CPU | Tushar Shinde

If you really want to hear about it, the first thing on work day morning you’ll probably want to know how your last day’s work performed. Well I was lucky this morning hearing a big applause for winning yet another hackathon at client location. In hackathon you build something useful in 8-24 hrs . Facebook’s like button was built in one of the hackathon.

I chose a topic to showcase “how a right choice of technology and programming style can increase the application throughput exponentially“. First question came to my mind was how would I demonstrate that something I built is better, I realize that I need something for comparison.

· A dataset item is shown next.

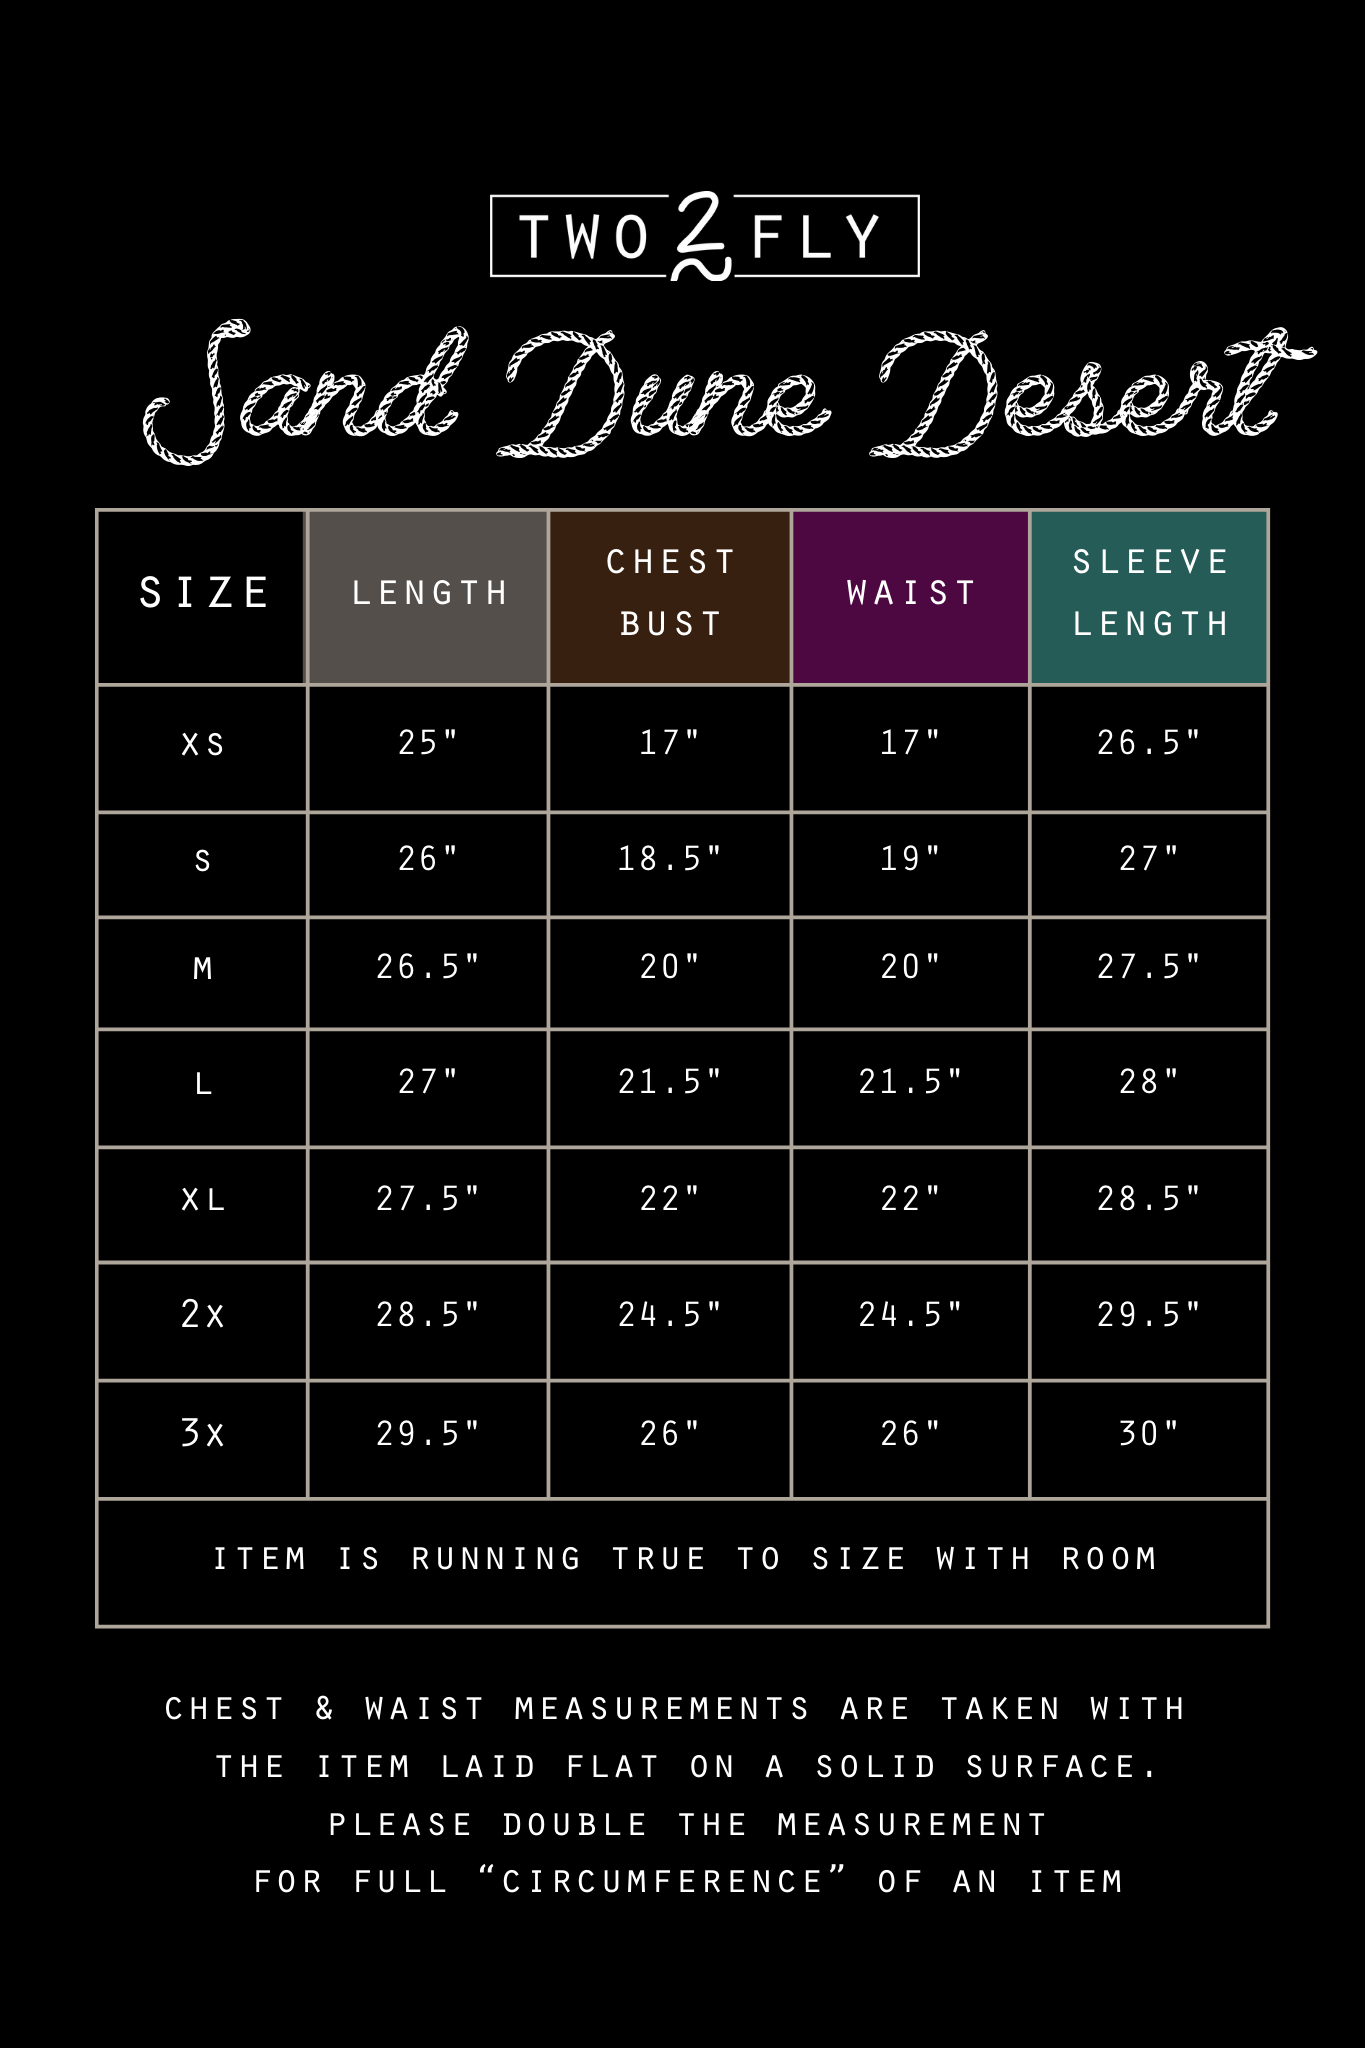 Sand Dune Desert Mesh Long Sleeve- Size Small
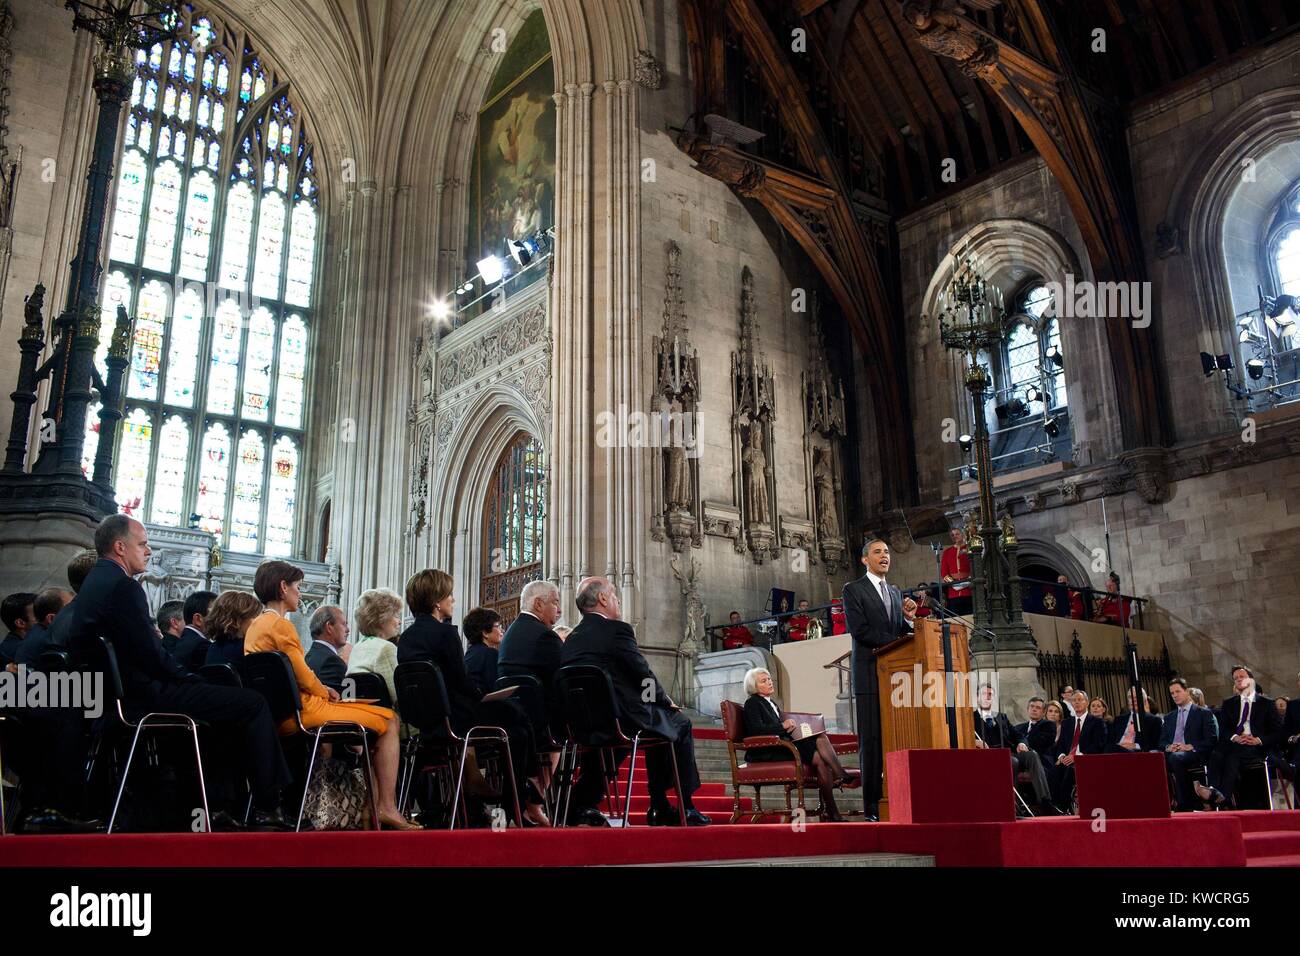 Le président Barack Obama parle aux membres des deux Chambres du Parlement à Westminster Hall. Londres, Angleterre, le 25 mai 2011 (BSLOC_2015_3_221) Banque D'Images

I should build something using traditional way, measure the throughput and then build exactly same thing the I way I think is better and compare their results. That’s it, My instinct told me this is the way to go 🙂

I built an application to mock OAUTH2.0 response of Facebook. I kept it very simple, one validation to check if access token exist in a request and then flush the dummy response. The source code is here on github.

I then built a same functionality using “play & scala”, get source code here. I chose “play” because it uses Netty- non blocking server at backend which I thought will boost my throughput further along with style of programming (async & non-blocking) I want to showcase. “play” also allows hot-swapping (changing & testing code without restart). And “scala” because it is easy to write concise and asynchronous non-blocking code with it and I thought it will also shed some light on practical explanation of my previous blog- multicore crisis.

I then wrote JMeter test script to put a load on both applications. Of this script I first ran “facebook_imperative” test which puts load on traditional web application deployed on tomcat which has 300 threads configured in server.xml. I used 400 JMeter threads to shoot up concurrent request for one second. Following is the result of test. As expected application throughput is around 544 request per second with 3+% error rate. The errors are because tomcat could not handle these many requests and some of them got timeout. The error is obviously something which I would want to avoid because it compromises application reliability.

traditional_sync_test

I wrote exactly same functionality in play & scala and ran the similar test “facebookmock_sync” of above script. The execution context for this was also using exactly 300 threads (check FacebookMock.facebookSync & config.ConfigBlocking.executionContext). The JMeter used 400 threads to shoot up requests.

play_scala_sync_test

Now compare the results. There are no errors in “play & scala” app and the throughput is 6000+ requests per second ✌. That means 12 times increased throughput. If I can take some liberty to attach some meaning to it then it means I can serve 12 times more customers with same infrastructure and with much quicker response time (look at Average). It also means I need much smaller tech ops teams and I will have more happy customers with lesser expense/investment.

I decided to take this further and thought of adding some real simulation. Not all our calls are non-blocking like this mock response. Some of them may be blocking calls e.g. JDBC calls. I simulated this by putting delay of 1 second using Thread.sleep before responding. That’s the way we usually write code just block the thread and wait for the result:( .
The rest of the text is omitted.